Что это на мне? Приподняв края одеяла, заглядываю под него.
Ночная сорочка? Меня переодели. Но кто и когда?
Какой-то бред... Или не бред? Что если все, что я видела, было на самом деле? Тогда... Тогда было падение. Нестерпимый жар и огненный спрут тоже.
Меня передергивает от ужаса.
И Арес... Вездесущий, нет! Весь кошмар ситуации обрушивается на меня невыносимым грузом. Что если.. .Что если из-за нашей самонадеянности.
Слезы застят глаза.
— Арес! Арес!
— Я здесь! Здесь, дайири. Что-то случилось?
Светлый появляется откуда-то сбоку. С мокрыми волосами и полотенцем на бедрах. В одной руке он держит маленький поднос с завтраком. Мгновение суетится, но ставит его на стол и оказывается рядом со мной.
Глава 21. Буря чувств! Объявлено штормовое предупреждение
Арес передо мной. Живой и невредимый. Ни одного ожога или раны на его великолепном теле, только едва заметный рисунок татуировок под кожей, сейчас спящих и умиротворенных, да. Темное пятно на груди. Прямо там, где совсем недавно было крылатое солнце.
Тяну к нему руку, не в силах вымолвить ни слова, и светлый замирает, как хищный зверь, готовый в любой миг сорваться с места. Мои пальцы сильно дрожат, когда касаюсь странного, точно обесцвеченного пятна на коже. Глажу его, и громкий всхлип сам собой вырывается из груди. Поднимаю полный слез взгляд на Ареса, но натыкаюсь на ледяной шторм в потемневших от гнева глазах.
— Не надо, Ирис! Не смей меня жалеть! — рычит светлый мне прямо в лицо. — Не смей!
Вопреки этим резким словам, поверх моей руки ложится его большая, чуть шероховатая ладонь. Прижимает, и я чувствую, как надрывно стучит в груди его сердце.
— Я тебя не. — хочу сказать столько всего, но глаза Ареса закрываются.
— Помолчи! — требует он. — Я понял, что переоценил собственную выдержку. Думал, что смирюсь, но не могу. Поэтому у тебя есть только два варианта, Ирис. Первый: ты немедленно убираешься в Раадрим и клянешься на крови, что никогда больше не сунешь свой любопытный нос в Авельен. Персональный магический запрет, Ирис. Только для тебя! Ясно?

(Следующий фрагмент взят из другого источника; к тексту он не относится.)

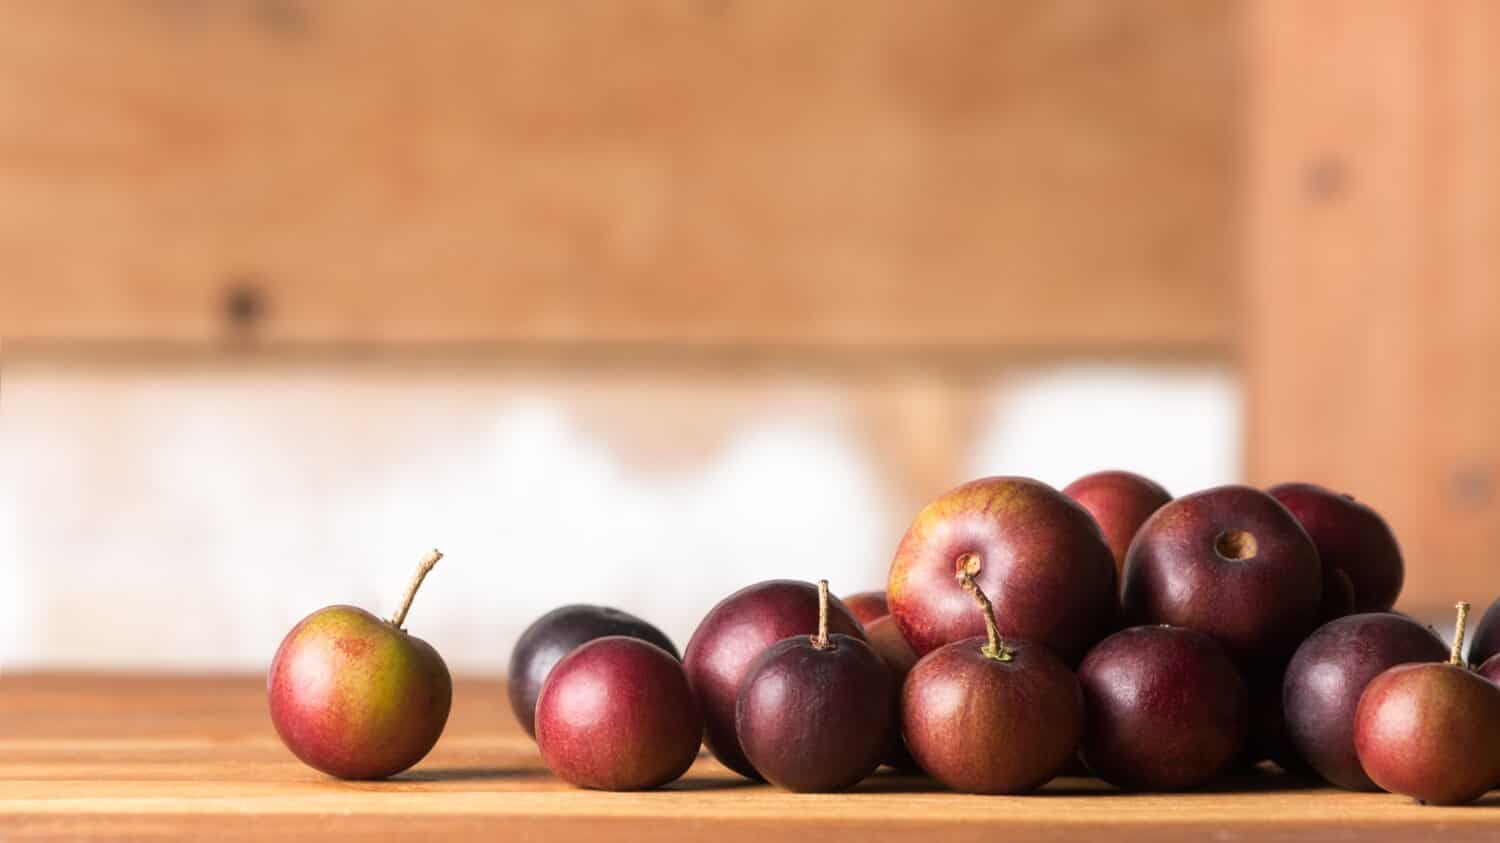 close-up of governor's plum fruits on wooden table top, flacourtia indica, also known as ramontchi, madagascar plum or indian plum, reddish black fleshy fruits, soft-focus wooden background

Теперь Арес смотрит мне прямо в глаза и говорит так, словно ненавидит меня всей душой. Но то, как он продолжает стискивать мою руку, прижимая к собственному сердцу, свидетельствует об обратном.
— Арес, я...
— Дай же мне договорить! Я не потерплю, чтобы однажды ты заявилась сюда вместе с мужем и все разрушила. Я не желаю унижаться и делать вид, что мне все равно. Я уважаю Ридриха и твой выбор, но. — он замолкает, переводя дух или подыскивая слова. — Я не желаю на это смотреть. Ты поняла? — договаривает он уже почти спокойно, разве что дышит чаще, чем следовало бы.

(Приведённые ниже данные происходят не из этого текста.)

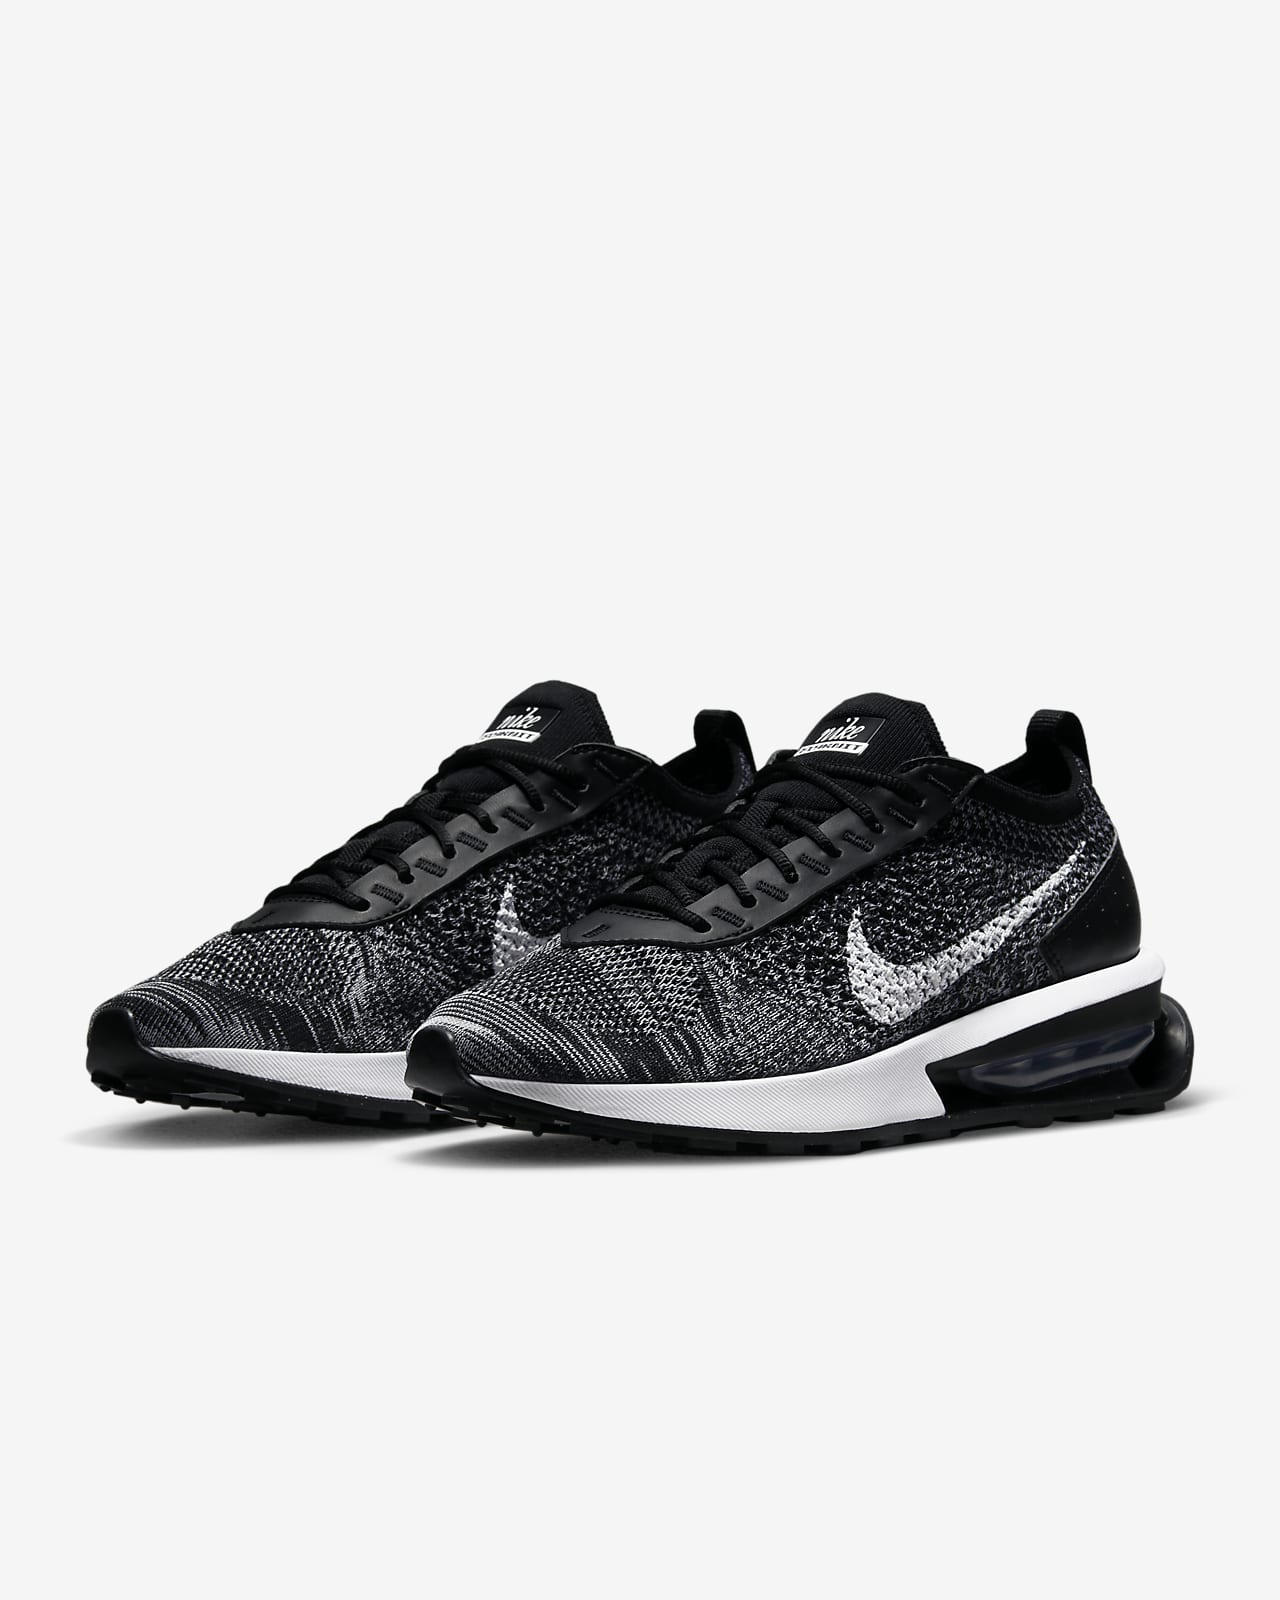 Agacharse China Señora Nike Air Max Flyknit Racer Women's Shoes. Nike MY

Ридрих? Светлый решил, что я. Что мы теперь с Ридрихом? Да с чего он это взял?!
Я возмущена и готова взорваться словами обиды. Высказать все о самовлюбленных идиотах, которые даже не удосуживаются сначала все выяснить, а затем делать выводы, но останавливаю свой порыв и задаю самый правильный вопрос:
— А второй вариант? Ты его так и не озвучил, — получается достаточно равнодушно, прямо по-королевски.
Так, как я и хотела, чтобы не выдать всего, что творится у меня на душе.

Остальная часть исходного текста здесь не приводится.